XBB—quite possibly the most immune-evasive COVID variant to date—has been identified in 26 countries, the World Health Organization reported Wednesday.
The organization did not name the countries in which it had found XBB. Levels of the variant have been rising in Singapore this month, despite a broadly vaccinated and boosted population, as well as in Bangladesh. But cases are also rising in other countries, including Canada, England, and India, according to data from GISAID, an international research organization that tracks changes in COVID and the flu virus.
GISAID data shows the largest concentration of XBB or spinoff variants over the past 30 days in Singapore, followed by India, Bangladesh, the U.S., Australia, and Denmark.
XBB is a combination of two different strains of Omicron. It’s in competition with fellow Omicron spawn BQ.1.1 for the title of most immune-evasive variant so far, surpassing that of shared ancestor BA.5, which was dominant across the globe this summer. But the WHO report suggested that XBB is indeed the most antibody-evasive variant yet, citing “laboratory-based evidence.”
While XBB also seems to spread more effectively than other Omicron variants, it’s yet known if it causes more severe disease than other strains, the report added.
An evolving threat
XBB has not been identified in the U.S. so far. But spinoffs of it—XBB.1, XBB.2, and XBB.3—have, according to GISAID data.
XBB.1 was first detected in the U.S. on Sept. 15, and represented 0.26% of cases genetically sequenced over the past 15 days, Raj Rajnarayanan, an assistant dean of research and associate professor at the New York Institute of Technology campus in Jonesboro, Ark., told Fortune on Monday, citing GISAID data. Most XBB strains had been found in New York State.

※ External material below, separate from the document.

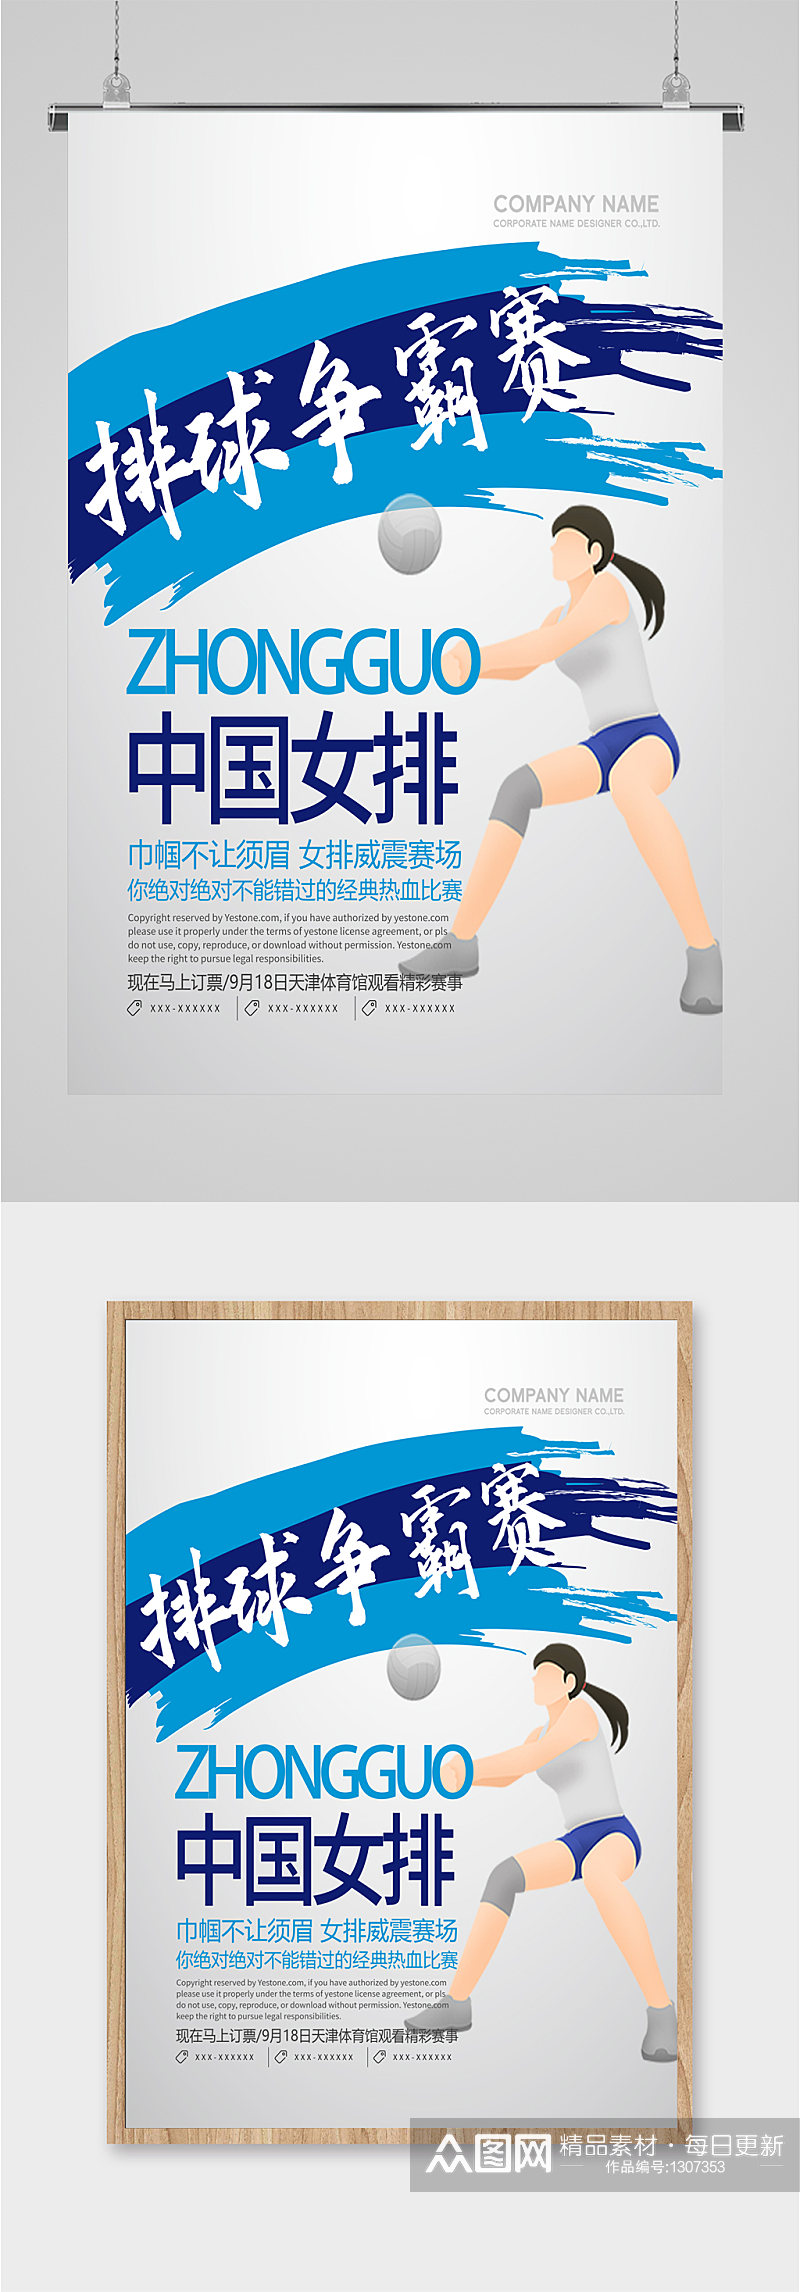 中国女排排球争霸赛海报素材

Worldwide, nearly three times as many cases of XBB.1 had been identified as cases of XBB, the WHO said this week.
It’s currently unclear what advantages, if any, XBB descendants like XBB.1 might have over their parent variant. Compared with XBB, XBB.1 features just “one small change” to the spike protein, which the virus uses to attach to and infect cells. The impact of the alteration is unknown, Rajnarayanan said.
XBB, in addition to competitor BQ.1.1, escape antibody immunity, rendering useless monoclonal antibody treatments used in high-risk individuals with COVID. According to a study last month out of Peking University’s Biomedical Pioneering Innovation Center in China, both escape immunity from bebtelovimab, the last monoclonal antibody drug that is effective on all variants, as well as Evusheld, which works on some. And both could lead to more severe symptoms, the authors wrote.

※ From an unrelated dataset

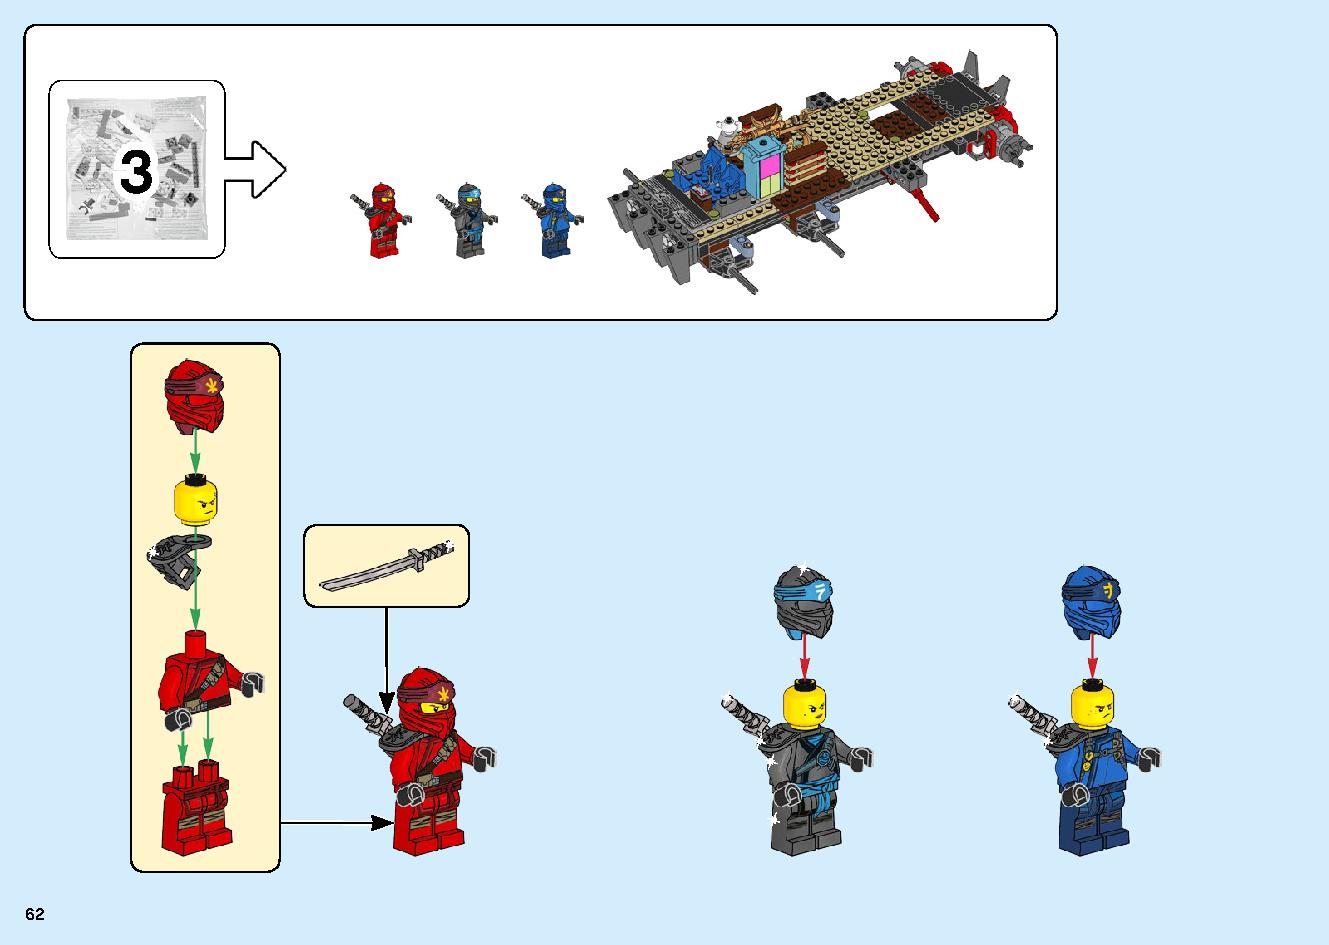 陸上戦艦バウンティ号 70677 レゴの商品情報 レゴの説明書・組立方法 62 page

The ability of XBB to evade immunity is “extreme,” approaching the level of immune evasion shown by SARS, a coronavirus that infected thousands and caused nearly 800 deaths in the early 2000s, the authors added.
Scientists, including top U.S. infectious disease expert Dr. Anthony Fauci, expect a fall and winter wave of cases in the U.S. that begins to surge this month and peaks in January. It’s still unclear which COVID variant may fuel that wave, if any one variant does. But XBB and BQ.1 are top contenders, experts say.